简体   繁体   English

在cube.js 中设计一个MongoDB 数组属性中元素数量的计数度量

[英]Design a counting measure of the element number in a MongoDB array property in cube.js

I'm using cube.js with MongoDB through MongoDB Connector for BI and MongoBI Driver and so far so good.我通过MongoDB Connector for BIMongoBI Drivercube.js与MongoDB 一起使用,到目前为止一切顺利。 I'd like to have a cube.js numerical measure that counts the element length from a MongoDB array of object nested property.我想要一个cube.js 数值度量,它计算来自对象嵌套属性的MongoDB 数组的元素长度。 Something like:就像是:

{
  "nested": {
    "arrayPropertyName": [
      {
        "name": "Leatha Bauch",
        "email": "Leatha.Bauch76@hotmail.com"
      },
      {
        "name": "Pedro Hermiston",
        "email": "Pedro76@hotmail.com"
      }
    ]
  }
}

I wasn't able to figure that out looking at the docs and I was wondering if that is even possible.我无法通过查看文档弄清楚这一点,我想知道这是否可能。

I tried with type: count :我尝试使用type: count

    MyNestedArrayPropertyCounter: {
      sql: `${CUBE}.\`nested.arrayPropertyName\``,
      type: `count`,
      format: `number`,
    },

but I'm getting但我得到

Error: Error: Unknown column 'nested.arrayPropertyName' in 'field list'

Any help/advice is really appreciated.任何帮助/建议都非常感谢。 Thanks谢谢

BI treats nested arrays as separate relational tables.
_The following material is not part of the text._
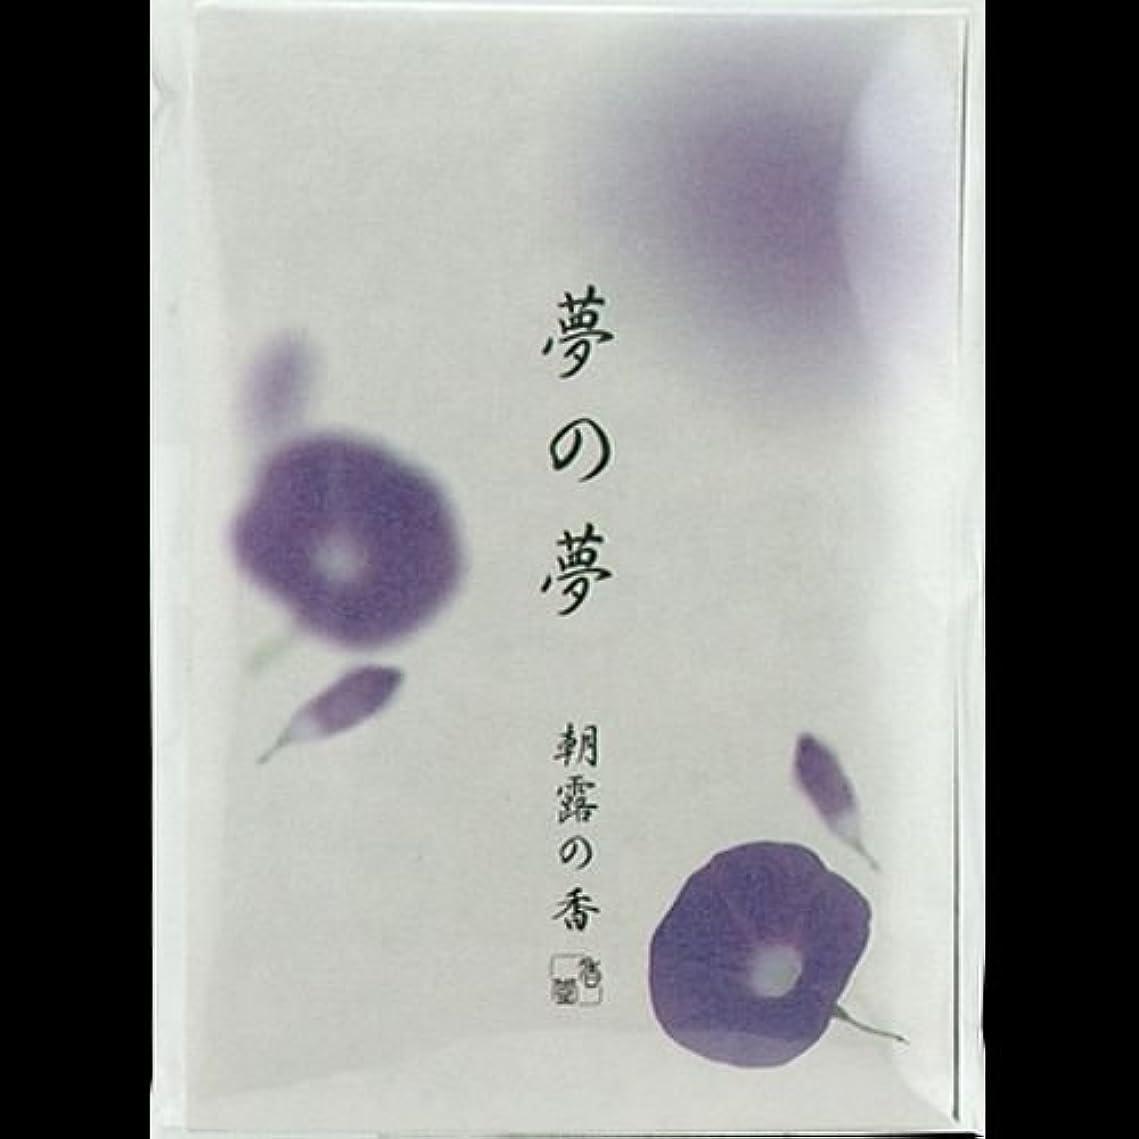 させる虚栄心ミシン目【まとめ買い】夢の夢 朝露(あさつゆ) スティック12本入 ×2セット

BI 将嵌套数组视为单独的关系表。 See https://www.mongodb.com/blog/post/introducing-the-mongodb-connector-for-bi-20https://www.mongodb.com/blog/post/introducing-the-mongodb-connector-for-bi-20

That's why you get unknown column error, it's not part of the parent document table.这就是为什么您会收到未知列错误的原因,它不是父文档表的一部分。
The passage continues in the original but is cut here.